This is something I've touched about in the past on the blog -
how anyone investing in general indexes since Jan 1, 2000 is underwater. One thing I definitely agree with Jim Cramer on is there "is always a bull market" somewhere, so you can always make money on something, but it takes a lot of hard work, thinking, and interest in the markets. For the great many who live normal lives and investing is simply something they do through most large cap mutual funds (many of which are simply S&P 500 clones disguised to rake in large fees) in their regular accounts or 401ks, it's been a tough decade. And that's not adjusted for inflation in which real returns are clearly negative. Last, that's in dollar terms; the story has been a disaster for foreign investors who have had to put up with the dollar decimation to boot (on top of inflation adjusted real returns). So while the stock market does well over "long periods" of times, I'd consider a decade to be a serious amount of time - and
this has been a bad decade. Unless you had the stomach (following huge losses in 2001/2002) or simply had good timing to start following the stock market in 2003, there has simply been no easy way to make money using traditional indexes. And NASDAQ investors? Still down in a big way.
This is why the Pollyanish "everything will be fine" in the long run attitude about the US continues to worry me. Stocks were not necessarily overpriced a decade ago - but we created a bubble - and the aftershocks of said bubble still reverberate all these years later. And without that bubble (spike) in 99/00 where have we gone? If stock prices are a reflection of the underlying health of the economy (through corporations)? And going forward what are the catalysts to get out of this funk? That's the bigger question for me at this point - almost everything in the US is based on a
financial or consumerism model. And the financials are now going through a NASDAQ type correction that frankly, I believe will be very similar to the tech bubble - yes there will be large spikes off of oversold bottoms but risk aversion should stick around at least for another 2-4 years and almost all these financials goosed earnings by taking outsized risks and then leveraging to a massive degree. That era is now gone (until a new round of suckers is born in 5-6 years), and some parts of their revenue stream will disappear. (
Mar 20: Citigroup Warns: the "Great Unwind" Has Begun) So those that assume that "after the correction" financials will just go right back to where they were in 2005-2006, I'd point to a very similar situation as the tech stocks earlier in the decade - unsustained valuations caused by irrational behavior and easy credit; and the stocks are still nowhere near where they "were". While we are going back to the easy credit era (one new bubble solves an old seems to be the logic), the risk aversion will take quite a while to work through. So that leaves consumerism as the remaining driver. I guess we can continue spending individually again until we go blue in the face - but again, access to credit is not going to be quite so easy so even people who want to do this will have a harder time AND I belive the lessons learned (the hard way) by many individuals will chastise them into perhaps saving "a little" go forward.

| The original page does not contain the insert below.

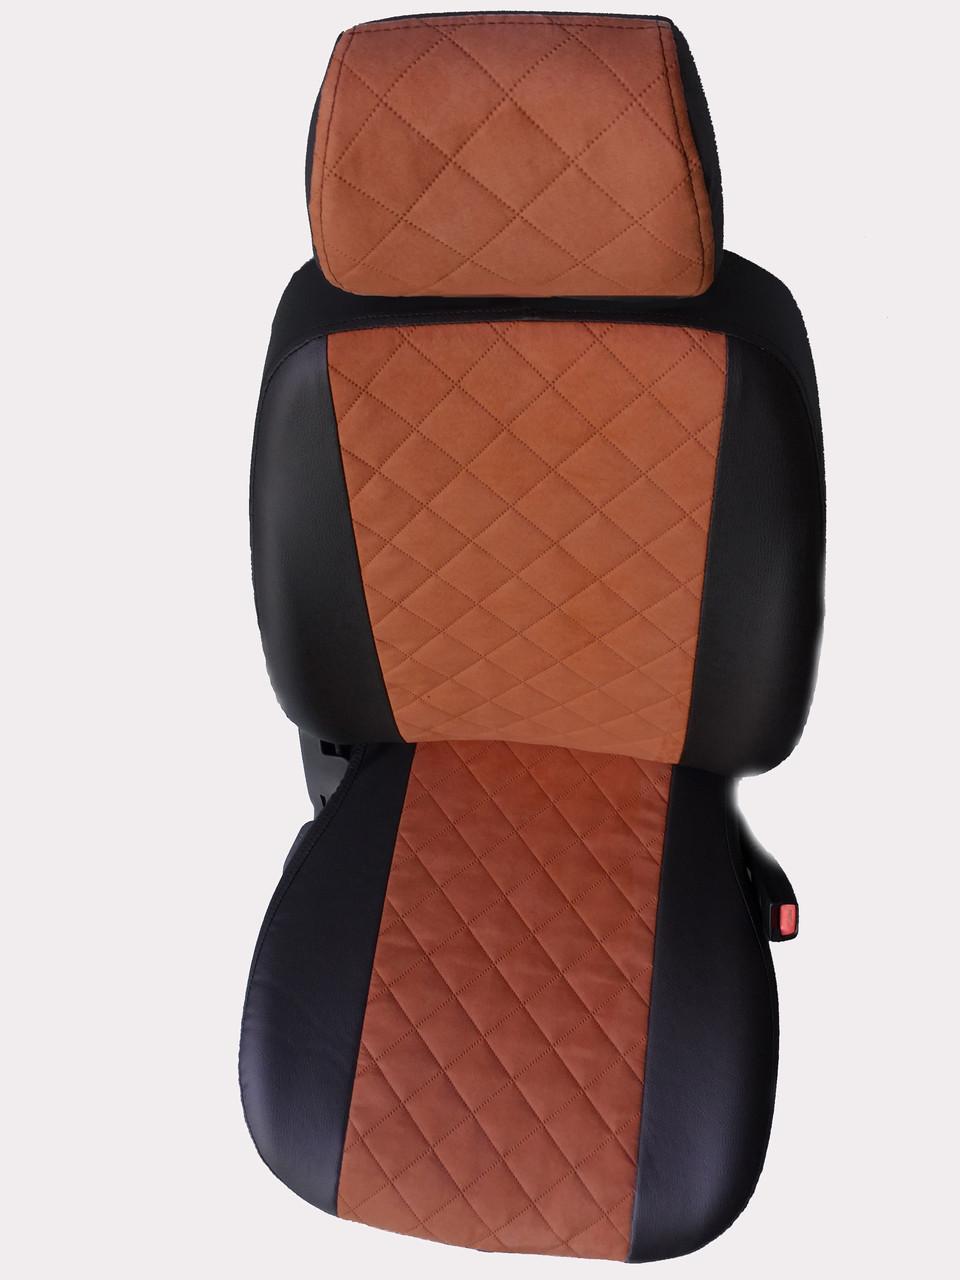 Чохли на сидіння Форд Фієста (Ford Fiesta) (універсальні, екошкіра+Алькантара, з окремим підголовником)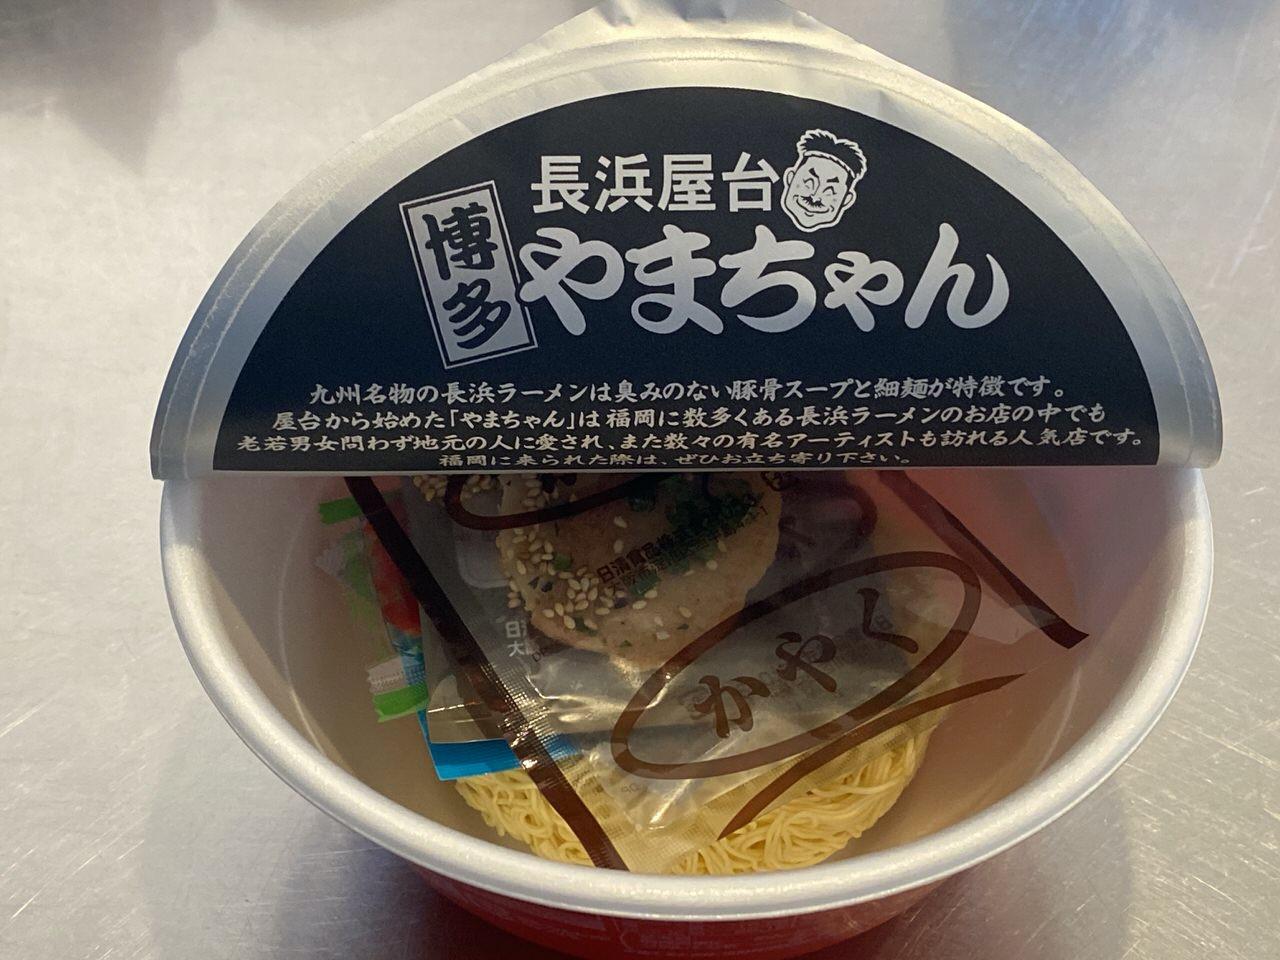 カップ麺「長浜屋台やまちゃん」1

And then the wildcard is inflation - just how bad will it get and how sustained over the next 3-10 years? If it remains elevated (which I believe it will), then you have a permanent dent in consumer buying culture and by proxy our consumerism culture. So what is the next great driver? It appears green energy but frankly a few European countries/Japan have a huge lead time on us. Our top leadership, in some circles, is still denying Global Warming at this stage so how do you become a leader in green energy under that backdrop? So as I try to weigh things in the "long run" I am trying to think what will be the next driver of the US "service" economy to jump start the economy and the markets for a sustained period of time (5-10 years).